[Exercise details]
Please produce a character-exact copy of the listing that follows, omitting all images.

[Dataset content]
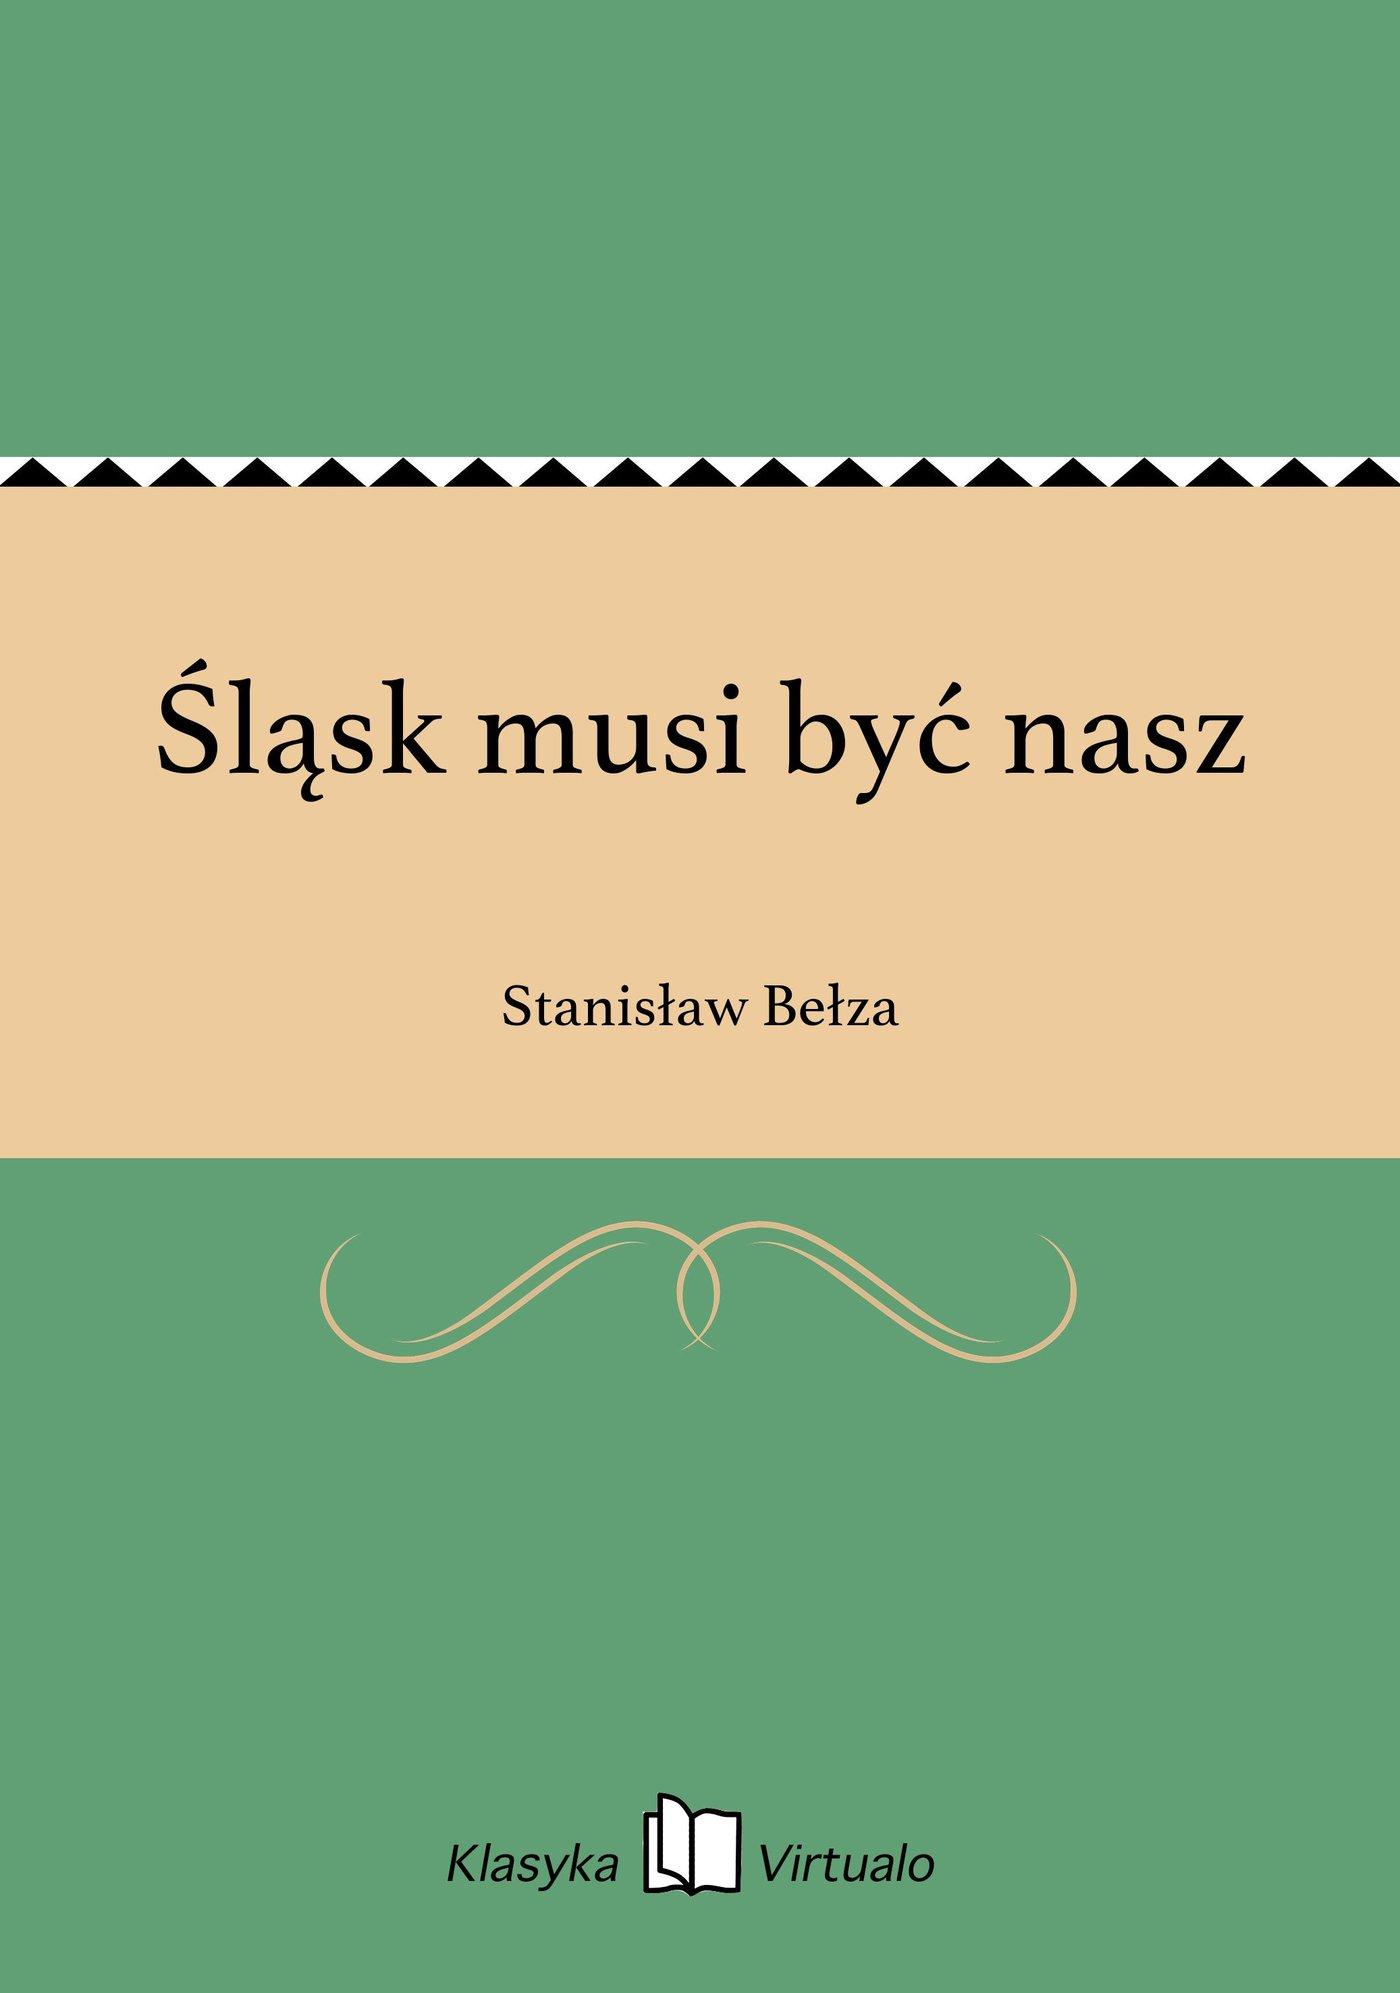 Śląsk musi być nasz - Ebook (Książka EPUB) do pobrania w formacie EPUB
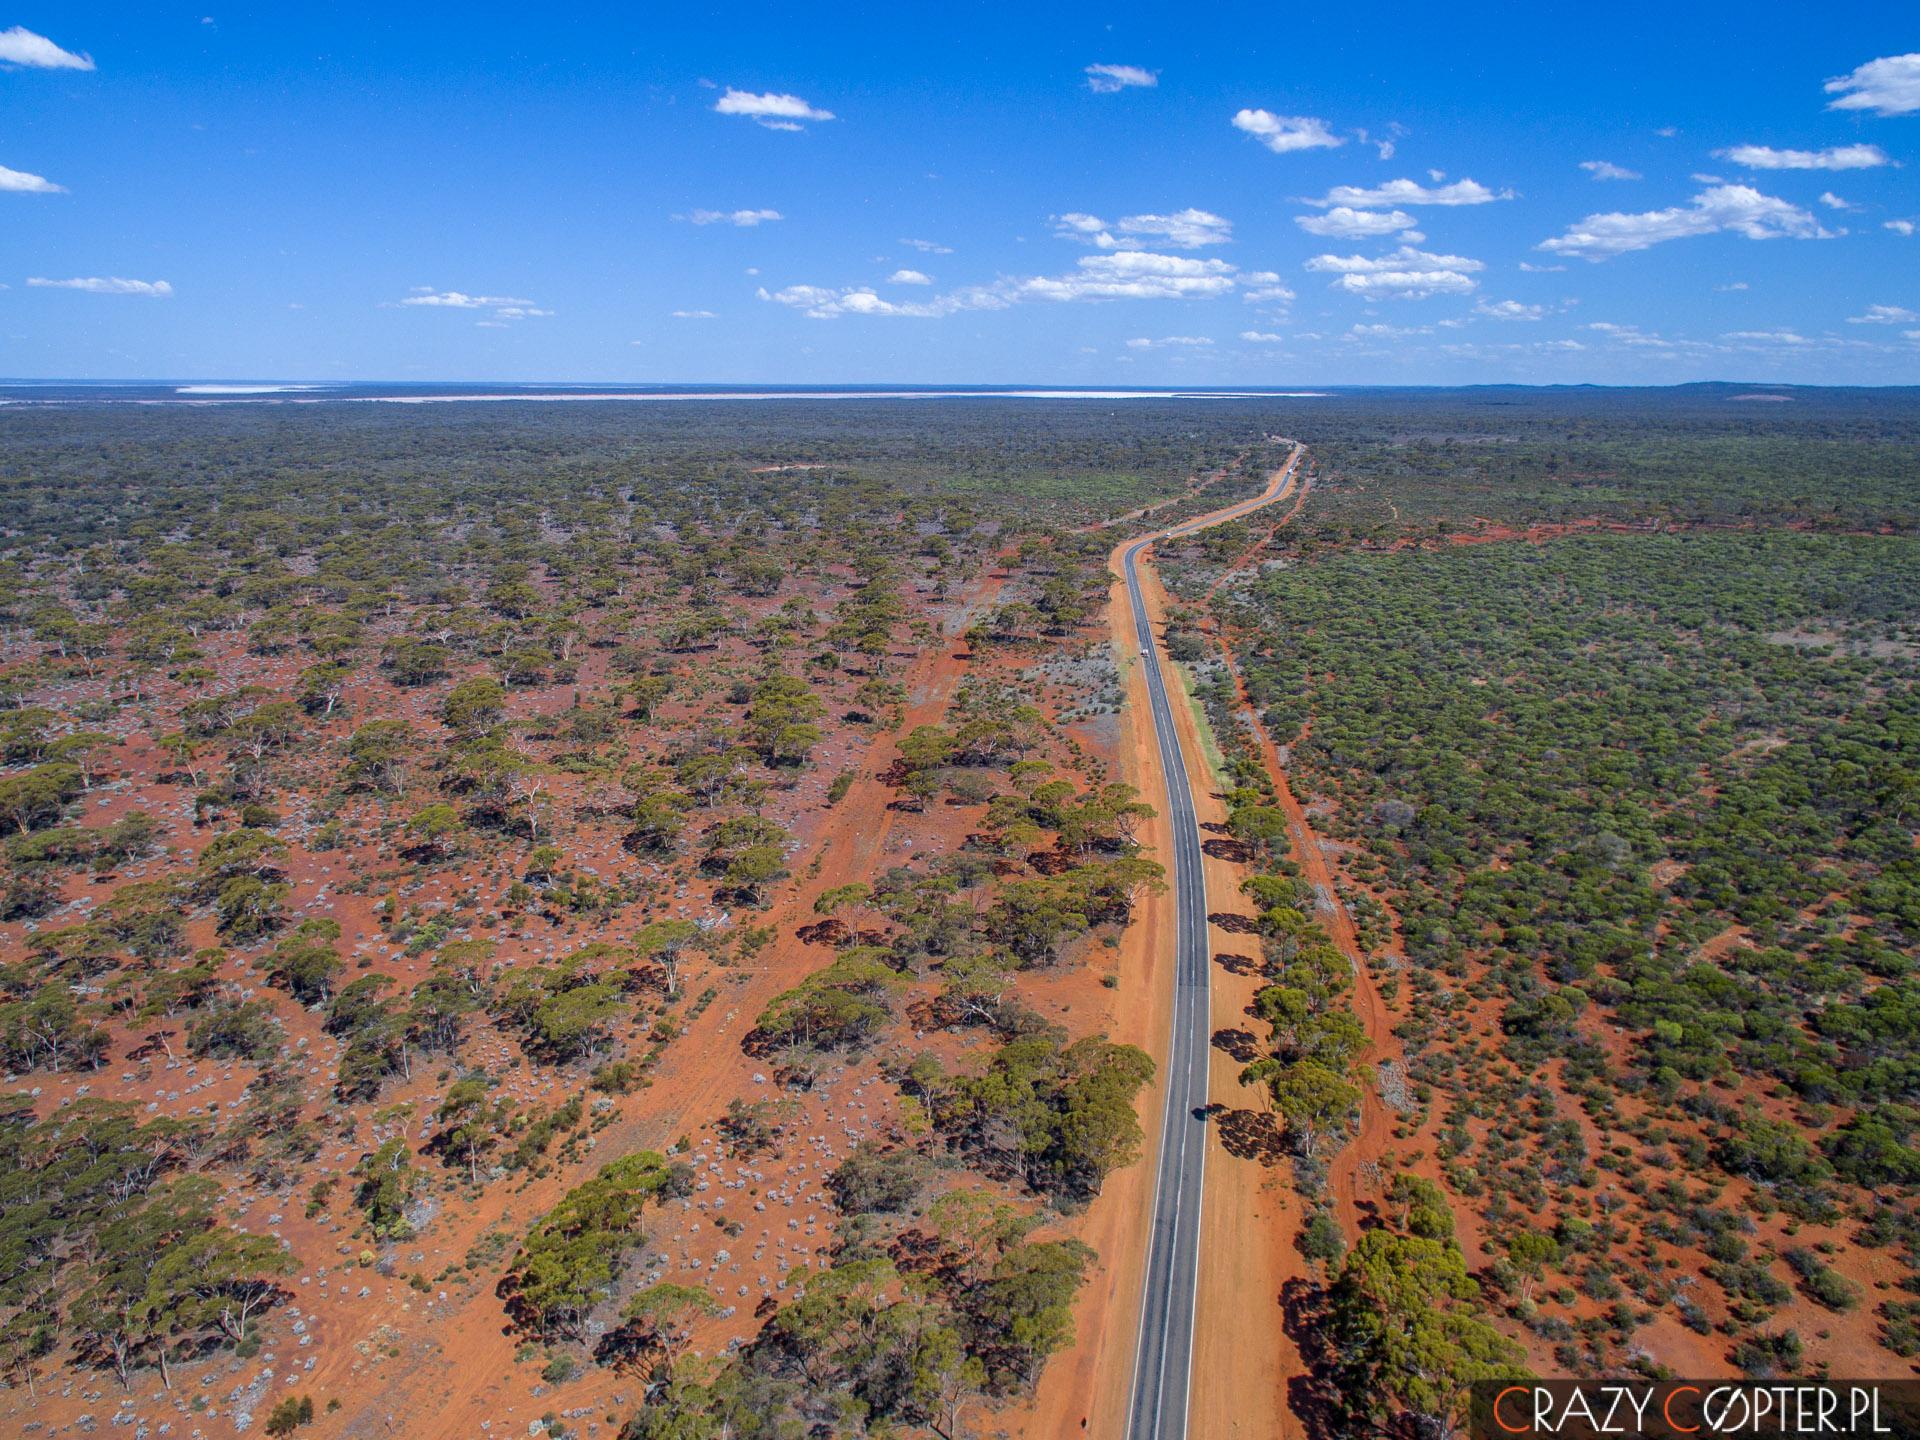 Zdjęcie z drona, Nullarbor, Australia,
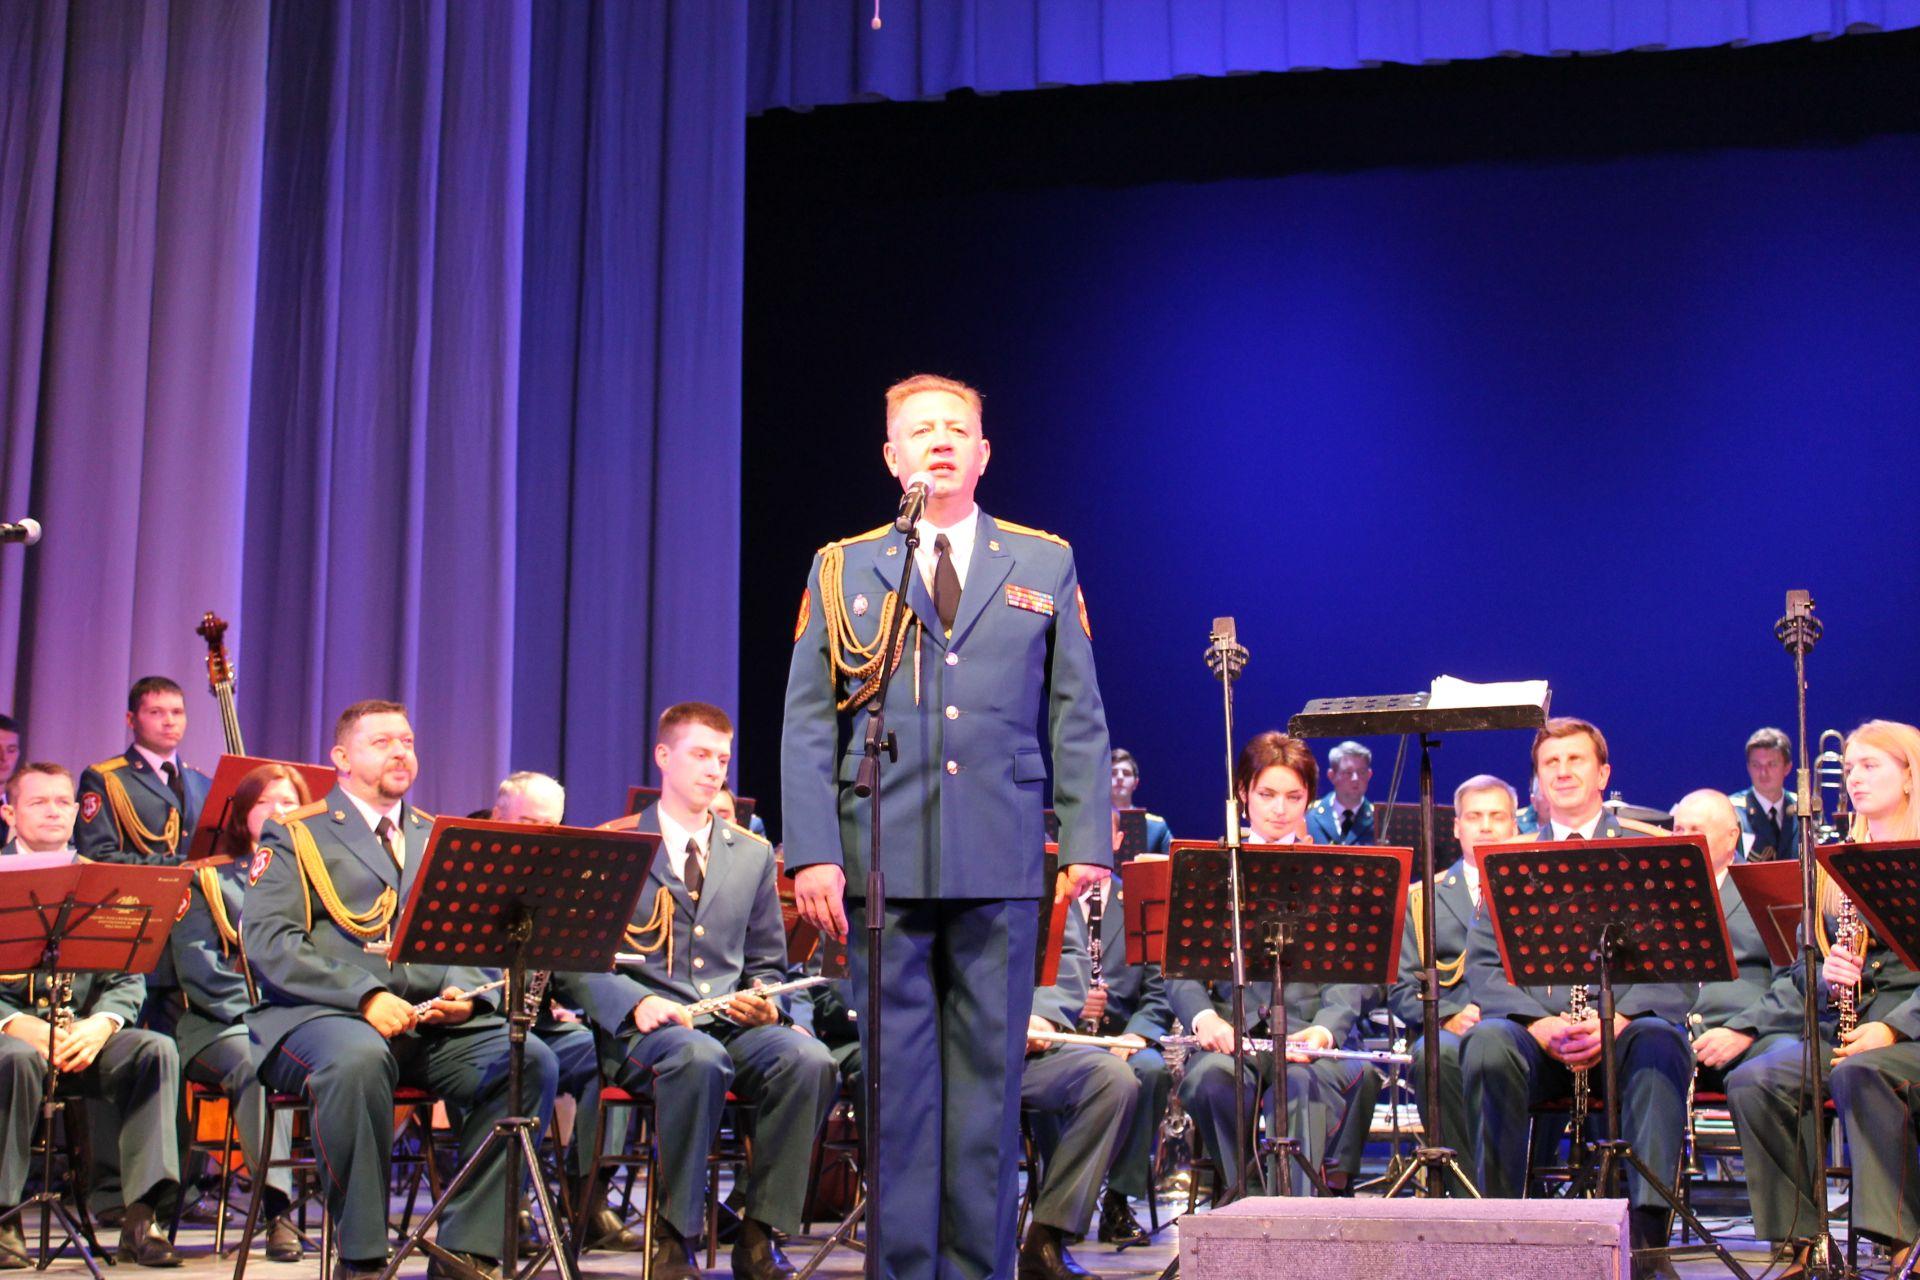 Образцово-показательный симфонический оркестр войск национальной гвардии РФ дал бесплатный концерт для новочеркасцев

[Task result]
 Śląsk musi być nasz - Ebook (Książka EPUB) do pobrania w formacie EPUB
 Zdjęcie z drona, Nullarbor, Australia,
 Образцово-показательный симфонический оркестр войск национальной гвардии РФ дал бесплатный концерт для новочеркасцев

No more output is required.